If you project boulder climbs, you know the process. Every time I make a list of bouldering climbs I want to send, I get butterflies in my stomach. It's the best kind of nervous anticipation. I think about the process; dissecting the climb in isolation and working it piece by piece, sort of in an obsessive way. Sometimes, I spend an entire session focusing on one or two moves. Currently, I'm trying to finish a climb and there are days when I drive an hour out of town to try one move over and over again.

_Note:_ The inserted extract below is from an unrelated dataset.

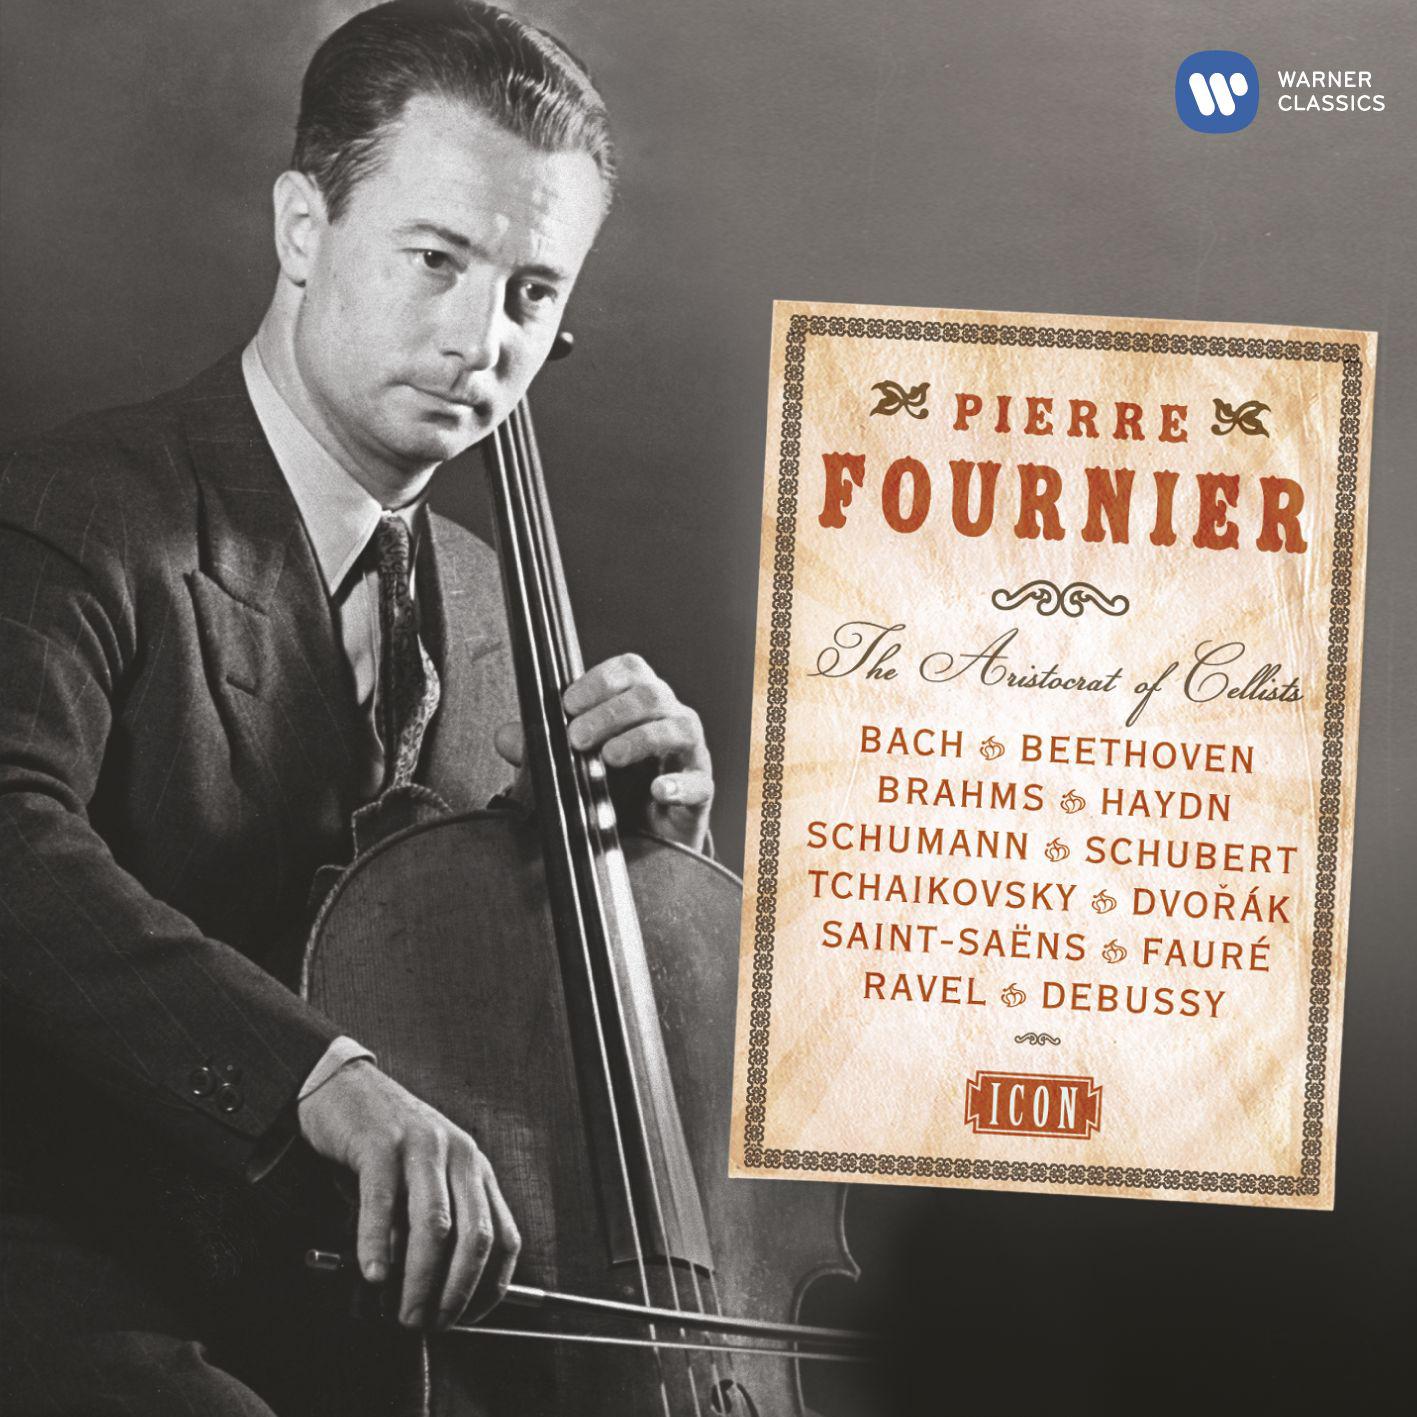 Pierre Fournier - Shylock, Op. 57:Nocturne (Arr. for Cello and Piano)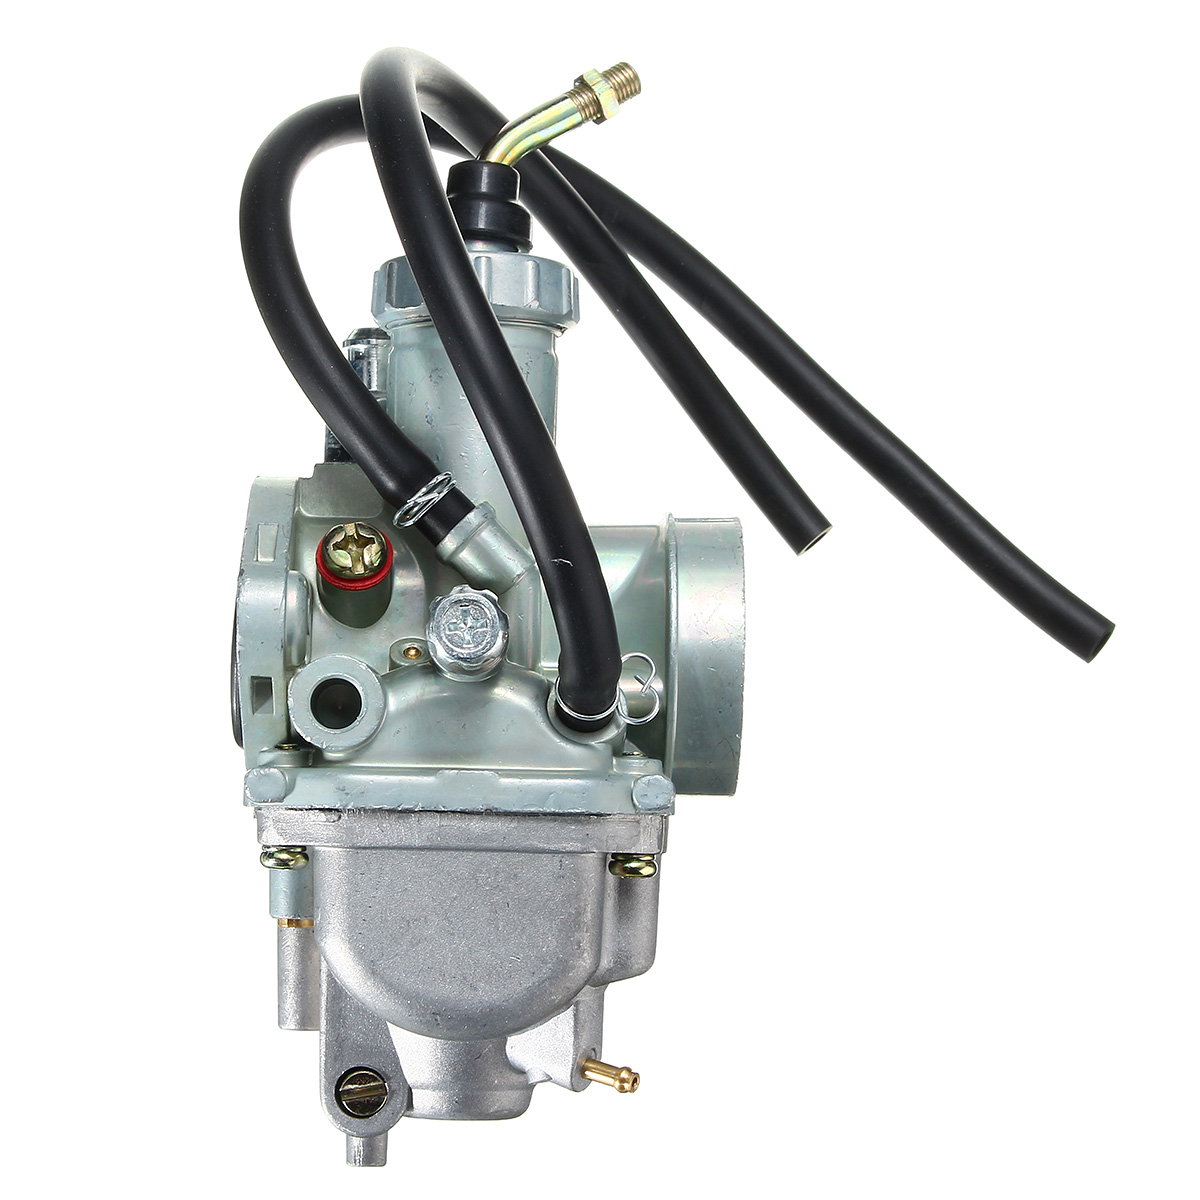 Carburetor Carb Replace for YAMAHA Breeze YFA125 YFA Carby 1989-2004 Direct Fit - Auto GoShop

The process continues and week after week, I try to convince my friends to get psyched to go. One day, the only one who wanted to climb this boulder was my friend Camy. She and I carried two pads each; winding our way through the 5-foot-tall grass and up a 10-minute hike. After over 50 tries I finally caught the hold. After hitting that one move, I felt this intense feeling of accomplishment and topped it out, almost as happy, as if I had sent it. From that point on, I felt that it was really possible and finally within my reach. It's not always the send; sometimes it's the process.
Once I am able to divide the climb into two parts, I feel a rush of excitement; knowing the send is within reach. Another step in the process. It’s like a drug addiction. The thought of getting close to the send is visceral. The anticipation shoots needles to the pit of my stomach. It’s the process and the expectation of success. The feeling of coalescing a group of moves, that once felt impossible. It’s what I do every weekend.